A visão de imponentes geleiras pode levar à idéia equivocada de que a vida está (semi)permanentemente congelada nas calotas ártica e antártica. Ledo engano que se desfaz com a resposta à pergunta: ?Se o ser vivo é mais do que 3/4 de água, porque os peixes antárticos não congelam nas temperaturas subzero??. A resposta foi descoberta por uma dupla oriental da Universidade de Illinois (Chi-Hing Cheng e Liangbiao Cheng) financiado pela National Science Foundation (NSF) no início dos anos 70 e se trata de uma glicoproteína.
Este tipo de biomolécula conjuga covalentemente (união química forte) dois grupos de moléculas com propriedades químicas e fisiológicas normalmente bem distintas quando examinadas isoladamente: proteínas e carboidratos. O tal componente anticongelante, presente na circulação dos peixes, simplesmente impede que as moléculas de água transitem do estado líquido para o sólido. As potenciais aplicações vão desde sorvetes mais macios passando por proteção de plantas subtropciais contra geadas e finalizando em preservação de órgãos para transplantes.
Um outro isolado antártico de grande interesse industrial foi a levedura Candida antarctica obtida do Lago Wanda e que é fonte de duas enzimas lipolíticas, as lípases A e B, capazes, na presença de água, de hidrolisar uma série extensa de óleos e gorduras, mas as quais, na ausência de água, são capazes do trabalho reverso, ou seja, ?juntar? ácidos graxos e álcoois para produzir uma gama ainda mais imensa de novos produtos. Dois exemplos são as sínteses de furanonas que emprestam aos alimentos um sabor doce-frutado (patente japonesa) e a separação dos isômeros do Ibuprofen (analgésico, antifebril e antiinflamatório), já que apenas um deles interessa à indústria farmacêutica (patente canadense).

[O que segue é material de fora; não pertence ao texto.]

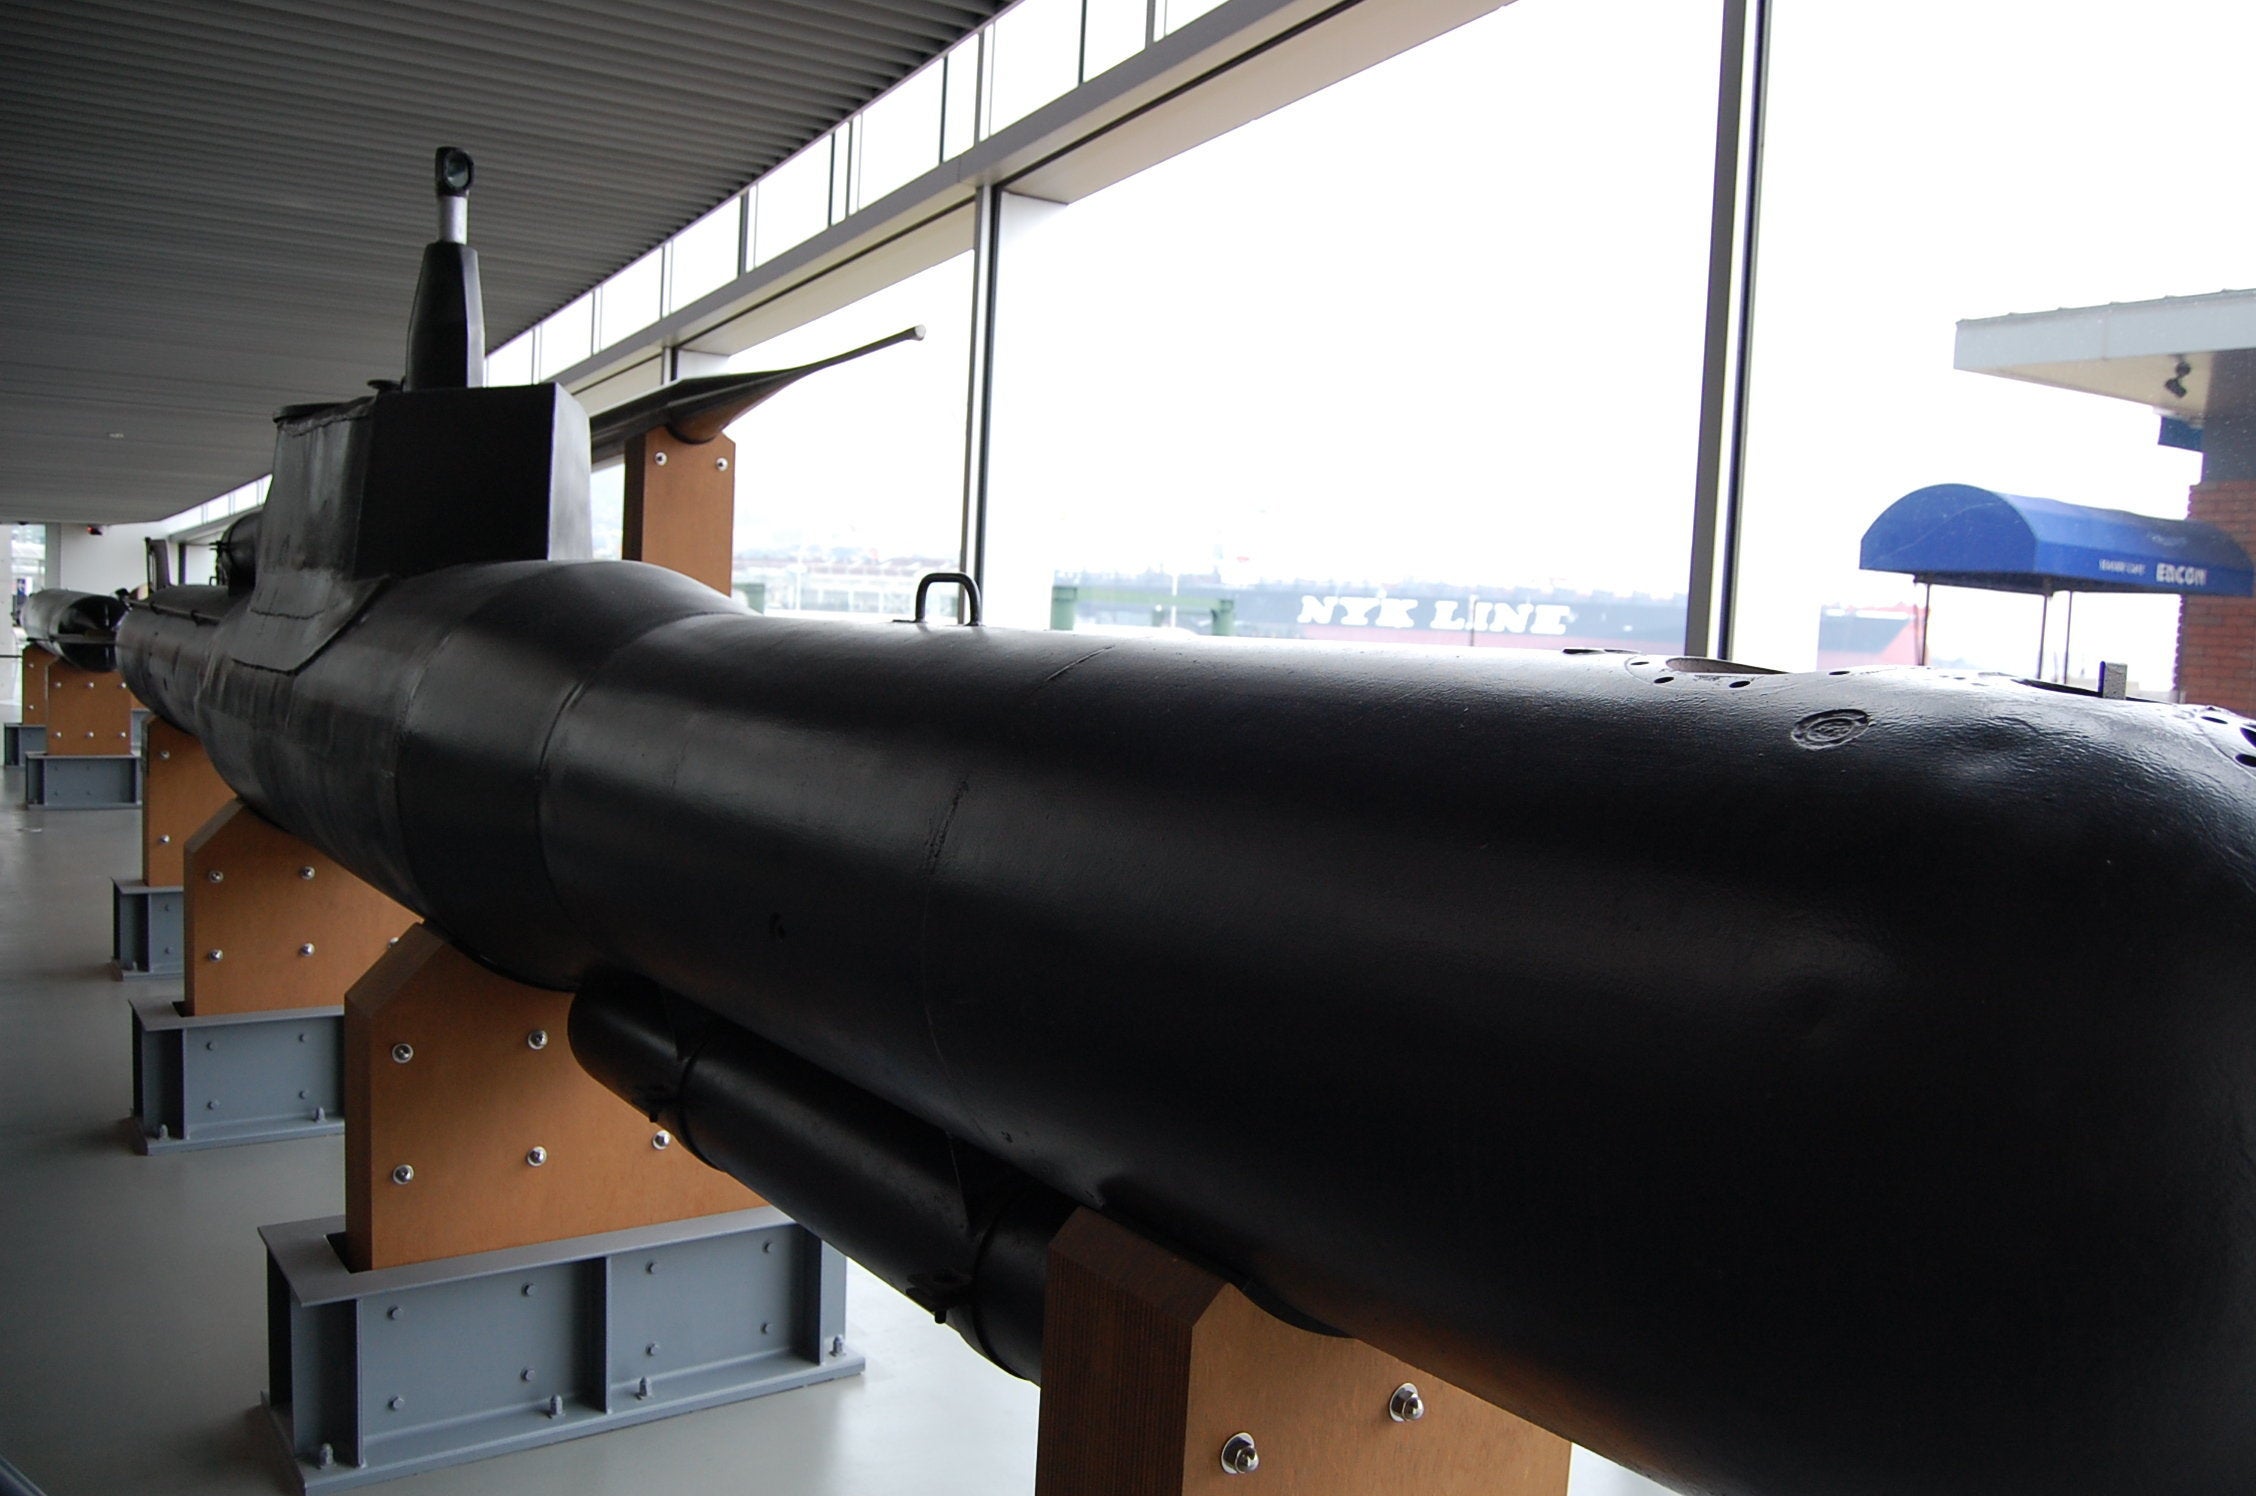 manned torpedoe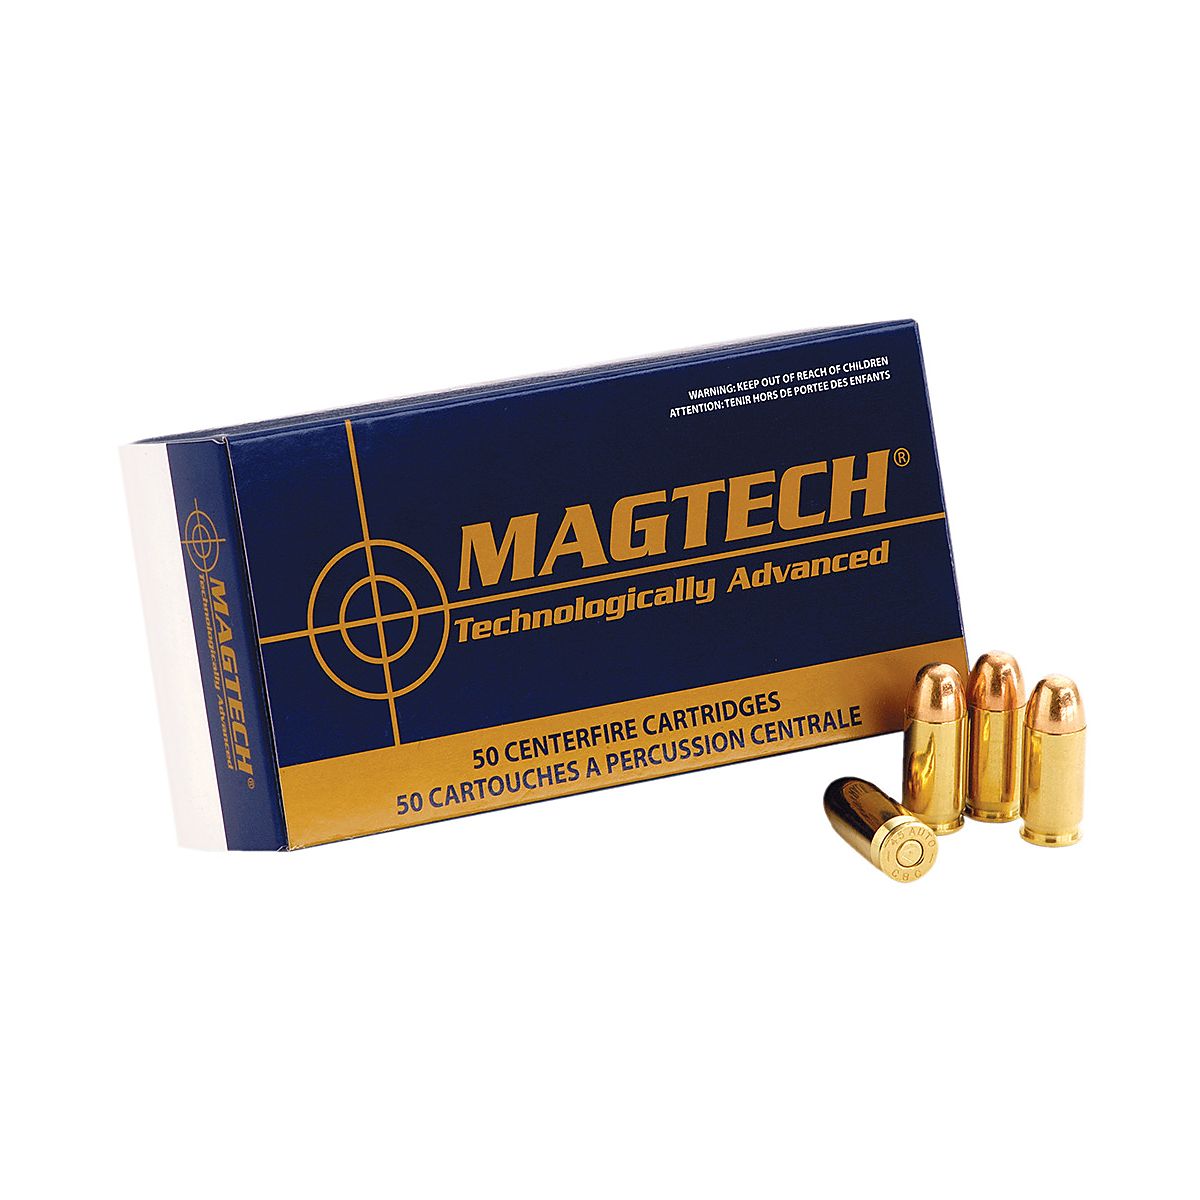 Magtech, Sport Shooting, 9MM, 124 Grain, Full Metal Case, 50 Round Box

Uma terceira riqueza natural obtida no continente antártico e mais precisamente no sopé de um glaciar na Ilha do Rei George foi a bactéria Pseudoalteromonas antarctica NF que naturalmente excreta um exopolímero de natureza glicoprotêica contendo entre 8 a 14% de carboidrato. É o mecanismo molecular encontrado pela bactéria para resistir à intempérie ambiental e evitar o autocongelamento em função das baixíssimas temperaturas. Ocorreu à equipe dos descobridores espanhóis que tal glicoproteína pudesse ser explorada para fins cosméticos epidérmicos, o que efetivamente se deu e acabou gerando uma patente concedida em 2002. Este novo insumo ?cosmecêutico? é explorado pela empresa catalã Lipotec sob a marca registrada Antarcticine. Uma propriedade relevante dos cremes formulados à base desta glicoproteína é sua capacidade de se espalhar uniformememente sobre a pele protegendo-a de ressecamento e portanto também do enrugamento.
No caso de epiderme enrugada submetida a um tratamento por um mês, o grau de alisamento estimado por microscopia confocal foi de cerca de 40%. Em outro experimento em que se trabalhou com um modelo que simula a pele humana (camadas de queratinócitos e de fibroblastos, tecidos que biossintetizam respectivamente as proteínas mais básicas da epiderme, queratina e colágeno) a estimativa foi de que a biossíntese de colágeno do tipo I experimentou um incremento maior do que 100% mesmo na dose mais reduzida de apenas 1 nanograma de glicoproteína / mL de camada ensaiada. Um ensaio paralelo com pele reconstituída e monitoramento com electroforese indicou que uma terceira proteína de importância dérmica, a elastina, experimentou um incremento de 17%. Também foi comprovada a ação revitalizante após uma injúria dérmica simulada in vitro ou seja a capacidade cicatrizante da glicoproteína sobre a ferida provocada. A parceria biotecnológica entre uma empresa privada (Lipotec) e a academia (no caso o Departamento de Microbiologia da Faculdade de Farmácia da Universidade de Barcelona) é que viabilizou o empreendimento industrial e comercial da Antarcticine. Uma segunda patente espanhola trata da exploração da glicoproteína para a estabilização de liposomas (outra forma farmacêutica de aprisionamento de princípios bioativos em nanoglóbulos de lipídios para maior eficiência de penetração na epiderme).
Outra empresa cosmética espanhola, a Grapaderm, comercializa uma combinação de Antarcticine e de um peptídio (fragmento) da botox ou toxina botulínica (outro instrumento de alisamento de rugas).